# Evaluation Checklist

Use this to audit a research run or improve the skill after real use.

## Coverage

- [ ] The question, scope, exclusions, and deliverable are explicit.
- [ ] The run used an appropriate effort level.
- [ ] The aspect map covered definitions, primary evidence, implementation or empirical evidence, limitations, and counterevidence.
- [ ] Source classes were diverse enough for the task.
- [ ] The search did not overfit to one phrasing, one domain, or one vendor/project.

## Accuracy

- [ ] High-impact claims have evidence IDs.
- [ ] Evidence locators are specific enough to re-check.
- [ ] Current/version-sensitive claims include dates or versions.
- [ ] Primary sources are preferred for factual claims.
- [ ] Secondary sources are not used to override primary sources without explanation.
- [ ] Conflicting evidence is represented fairly.

## Source quality

- [ ] Evidence rows include `source_type`, `quality_score`, `stance`, and `claim`.
- [ ] At least one primary or near-primary source supports the central claim when available.
- [ ] Source independence is assessed for central claims.
- [ ] Bias, incentives, and possible staleness are noted.
- [ ] GitHub popularity metrics are not treated as proof.

## Verification

- [ ] At least one counterevidence route was searched for nontrivial topics.
- [ ] False premises were checked.
- [ ] Known limitations, failures, deprecations, and security issues were considered where relevant.
- [ ] The final answer labels `weak`, `single-source`, `stale`, `contested`, or `unknown` claims.

## Synthesis quality

- [ ] The final answer begins with the answer, not just process.
- [ ] The structure matches the user's requested deliverable.
- [ ] Tables clarify comparisons instead of adding noise.
- [ ] The method appendix is concise and useful.
- [ ] Next steps are concrete and only included when useful.
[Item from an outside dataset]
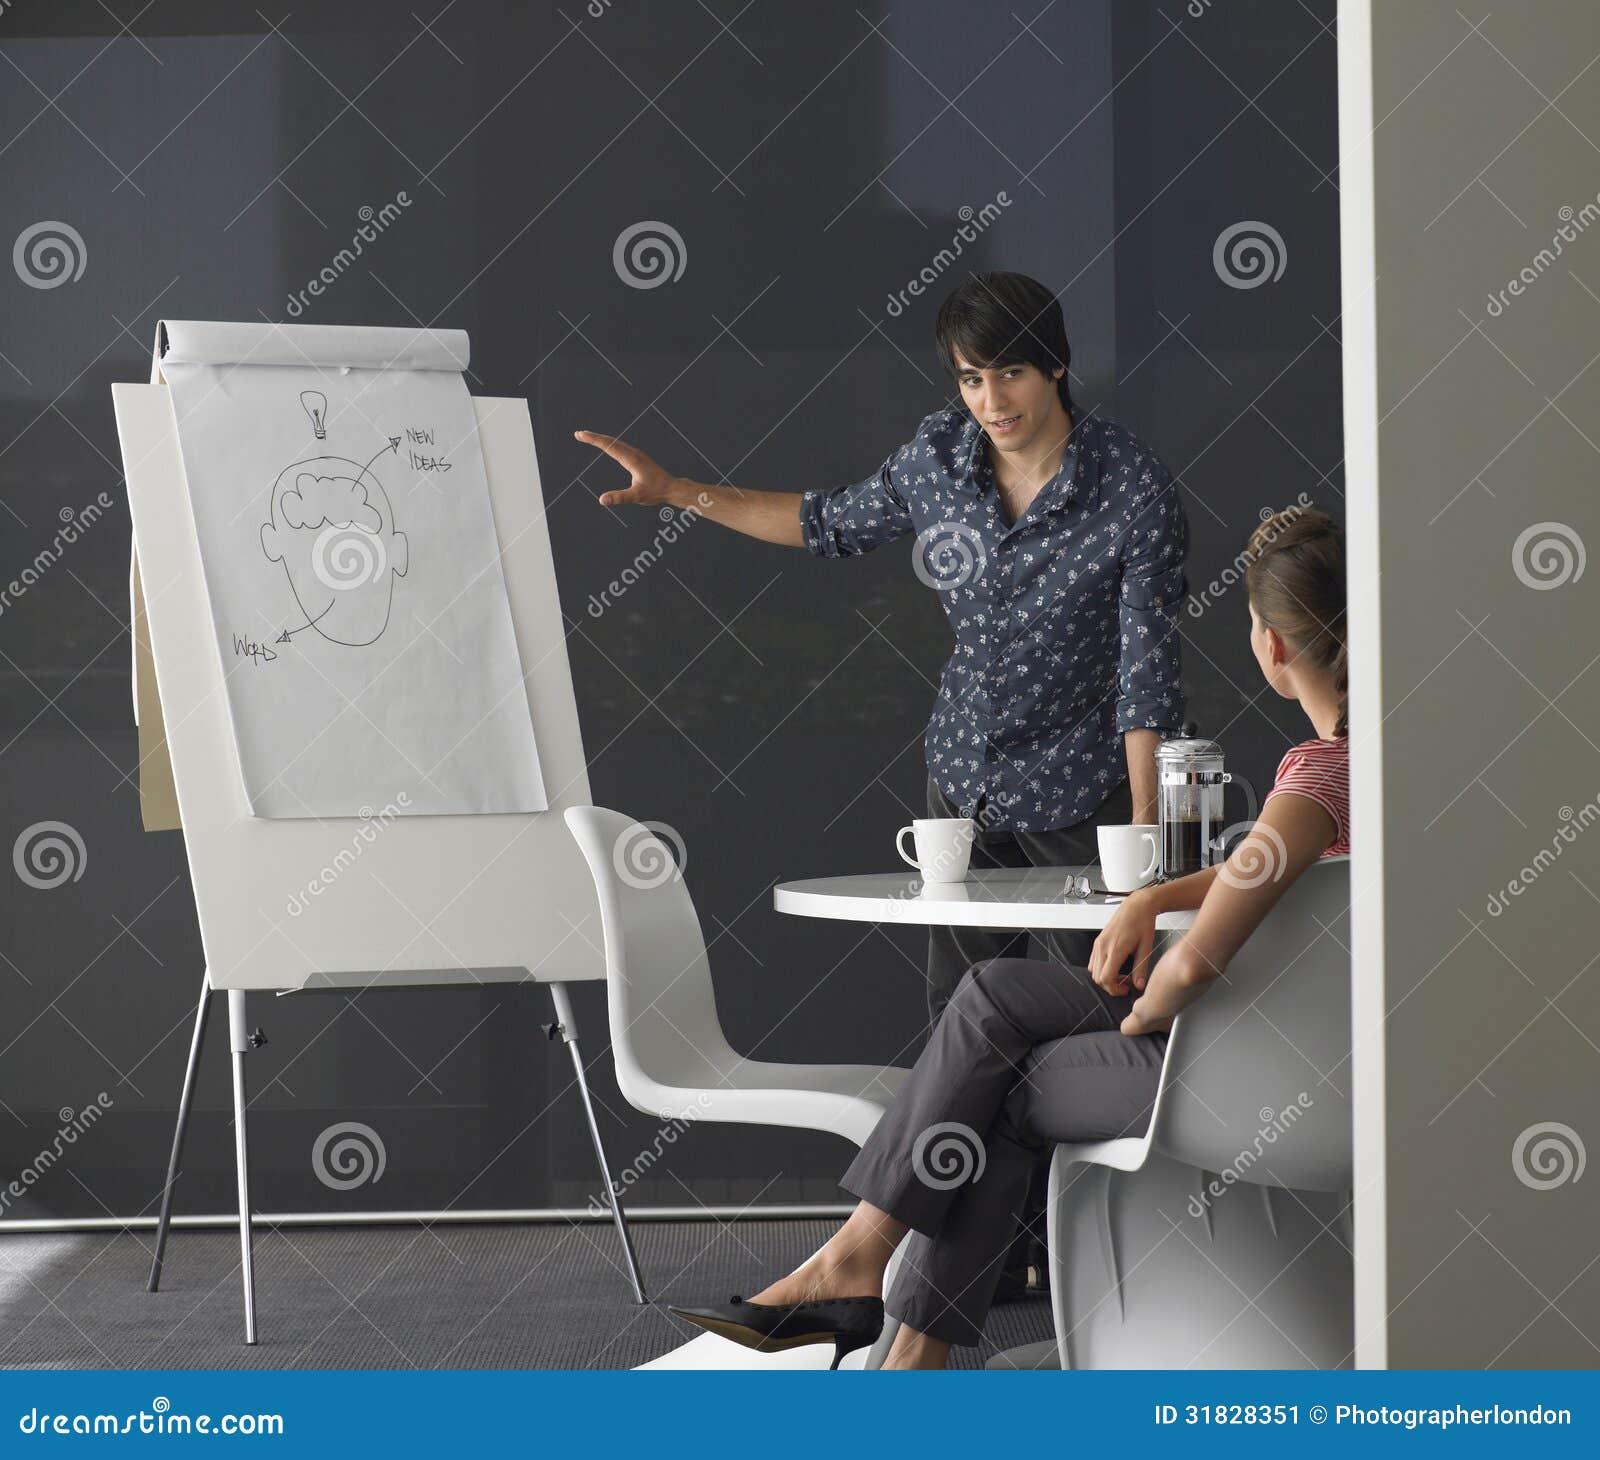 Businessman Giving Presentation On Flipchart

## Ledger lint interpretation

`research_ledger.py lint` returns errors for structural problems and warnings for research-quality risks. Warnings are not always failures; they tell the agent what to disclose or fix.

Common warnings:

- too few independent domains: find more corroboration or label uncertainty;
- too few source classes: broaden sources or explain why a source class is irrelevant;
- no counterevidence: run an adversarial search for contested topics;
- no evidence IDs in final report: add evidence IDs for high-impact claims;
- exceeded hop target: either prune or explain why the extra search mattered.

## Regression tests for the skill

Test the skill on these prompts:

1. `Research whether a GitHub project is production-ready.` Expected: checks README, code/docs, releases, issues, license, risks.
2. `Write a literature review of a current AI method.` Expected: papers, code/data, limitations, related work, citation graph.
3. `Verify a current claim that may be false.` Expected: freshness check, counterevidence, direct uncertainty if unresolved.
4. `Compare three tools for a build decision.` Expected: matrix, evidence IDs, recommendation, validation plan.
5. `Summarize a user-provided PDF plus web updates.` Expected: local locators plus current web verification.